There are various reasons why this imbalance happens, including the lack of supplies, rising material and labor costs, rising bank interests, and rising land prices.

Lessons from various countries show that having affordable housing available plays a vital role in social stability and welfare, as well as providing economic benefits, including stability in jobs and social necessities. Governments in various countries have attempted different approaches to ease the housing pressure, including financial and non-financial approaches.

Financial approaches are familiar, including grants, subsidized loans, and tax reductions. In my opinion, these measures need to be supplemented with some non-financial measures to be the most effective.

These include providing the legal basis for affordable housings, creating policies to promote affordable housing development, preparing the standard frameworks and encouraging urban planning towards social sustainability.
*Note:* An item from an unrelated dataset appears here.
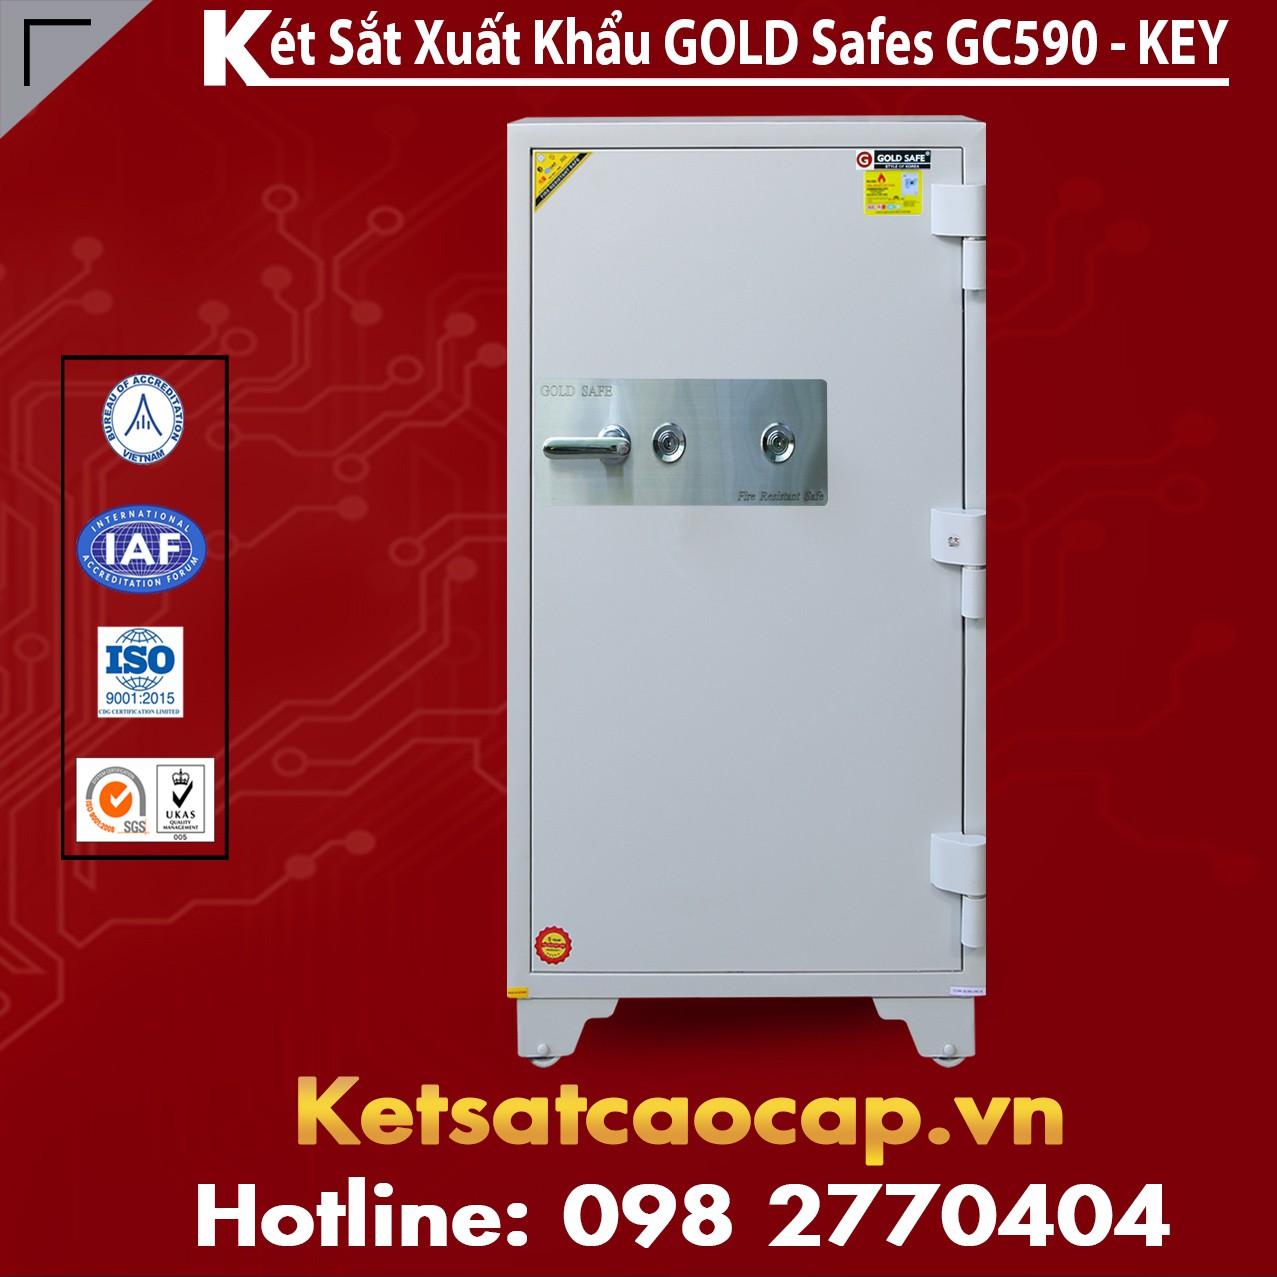 Két Sắt Đại Gia GOLD SAFES GC590 KEY

First, the government should carefully calculate the proportion of affordable housings compared to the overall market, which would provide the overall guideline for localities.

Second, the government should plan and organize housing with considerations of urban infrastructure, including public transportation accessibility, schools, healthcare facilities, supermarkets, and green space.

Third, the government should promote the construction of affordable housing, encourage the transition of urban structures like shopping malls to affordable housing construction, and increase the density of affordable housing structure throughout the city planning.

Fourth, the government should simplify the administration, bureaucracy, and procedures related to affordable housing development, and encourage foreign investments and public-private projects for such purposes.

Fifth, the government should attempt to research, adopt, and apply new technologies in construction and planning, which would reduce the costs and make housings in general more affordable.

Sixth, the government should attempt to effectively manage the market, prevent the inflation of housing prices, and create incentives for real estate developers to conduct more affordable housing projects.

Some states in the U.S. allow real estate developers to receive a bonus point while applying for the construction of commercial projects if the developers have previously compensated with affordable housing projects.

Besides this, the government should apply financial measures like imposing higher tax brackets for high-end real estate to raise subsidy funds for low-cost housing projects, or founding real estate investment funds.

The government should also impose a maximum price point for the real estate market by sub-class, like how Australia, Canada, the U.S., and New Zealand have approached.

These non-financial approaches helped to facilitate a more sustainable development for the real estate market.

We need to provide more supplies and limit the prices of low-cost, social housing to ensure social stability.

*Doan Van Binh is vice chairman of the Vietnam Real Estate Association and member of the Tourism Advisory Board.